Aggressione con machete nel Cremonese, due 16enni feriti e due arresti

(ANSA) - CREMONA, 1 SET - La Polizia ha arrestato un 21enne e un 23enne egiziani, residenti a Crema, per tentato omicidio in concorso: secondo gli inquirenti, sono stati loro, la sera dello scorso primo agosto, con due azioni successive nell'arco di un'ora, a massacrare due 16enni, anche loro stranieri, di fronte alla stazione ferroviaria di Crema. Era stata un'aggressione violentissima: sempre secondo le indagini il ventitreenne avrebbe colpito una delle vittime con un machete - 52 centimetri di lunghezza complessiva, 36 di lama - e il ventunenne a calci, pugni e bastonate. Se non fossero intervenuti i passanti, secondo gli investigatori, lo avrebbero ammazzato. Era rimasto ferito, in modo meno grave, anche un altro giovane. Anche lui immigrato, anche lui 16enne, era stato colpito con una coltellata al collo con "un'azione idonea a cagionarne la morte" si legge negli atti.

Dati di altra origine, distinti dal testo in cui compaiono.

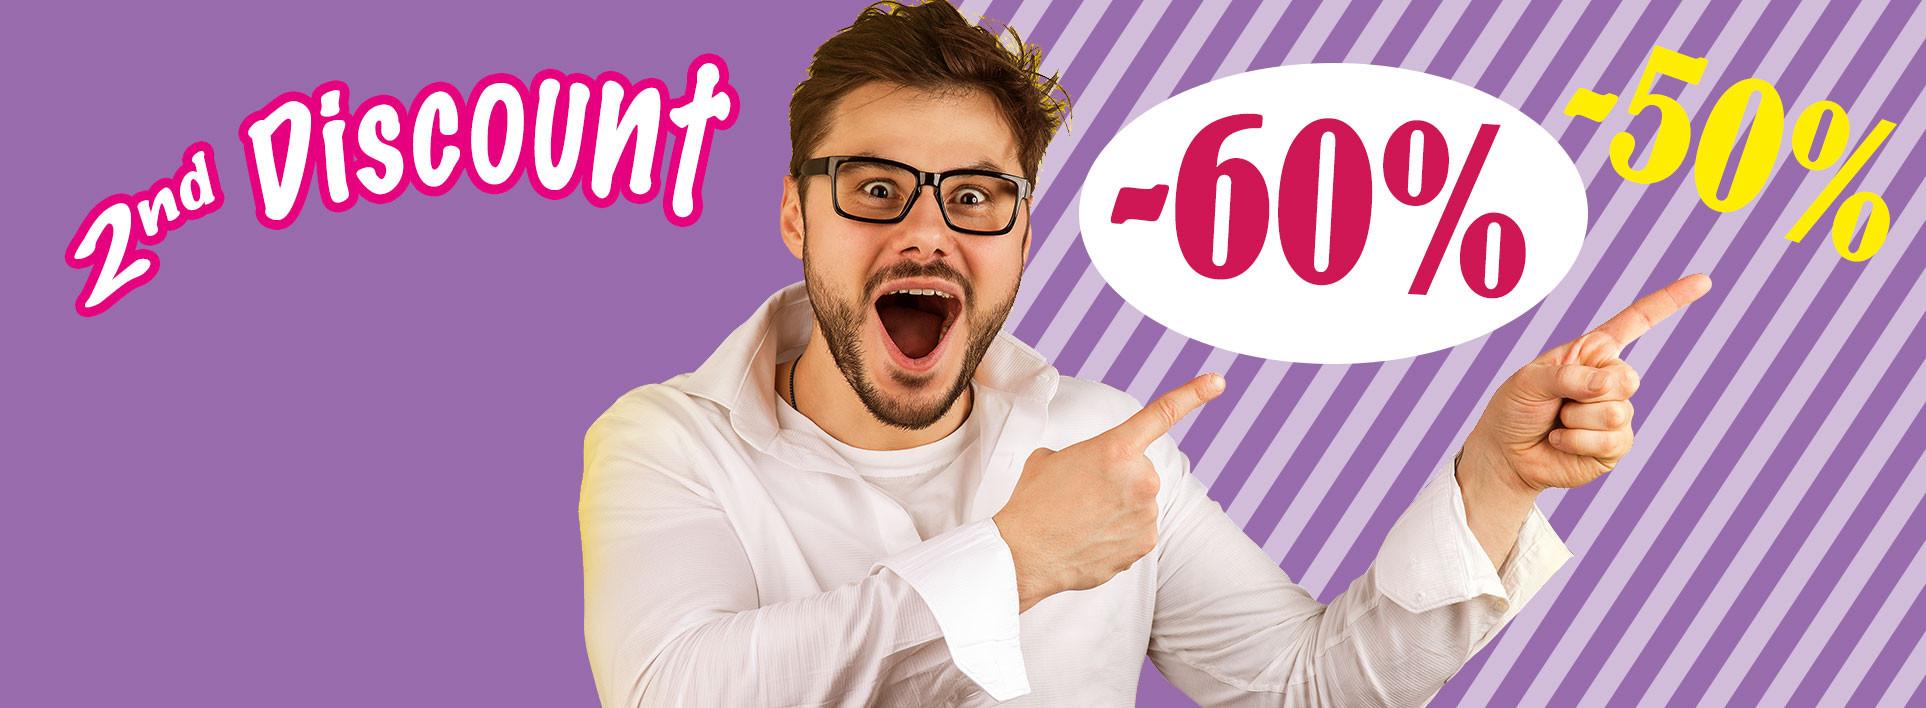 sales -50%men shirts

Durante la doppia aggressione, alcuni amici delle due vittime erano intervenuti utilizzando bastoni e catene, fino a costringere gli aggressori alla fuga. Da chiarire le cause che hanno portato alle violenze: l'ipotesi più accreditata è che possano essere stati innescati da interessi criminali contrapposti, presumibilmente legati allo spaccio. Identificati quasi tutti i coinvolti, sono state avviate le procedure per l'espulsione di 12 stranieri: 8 egiziani, 2 marocchini, 1 moldavo e 1 senegalese. (ANSA).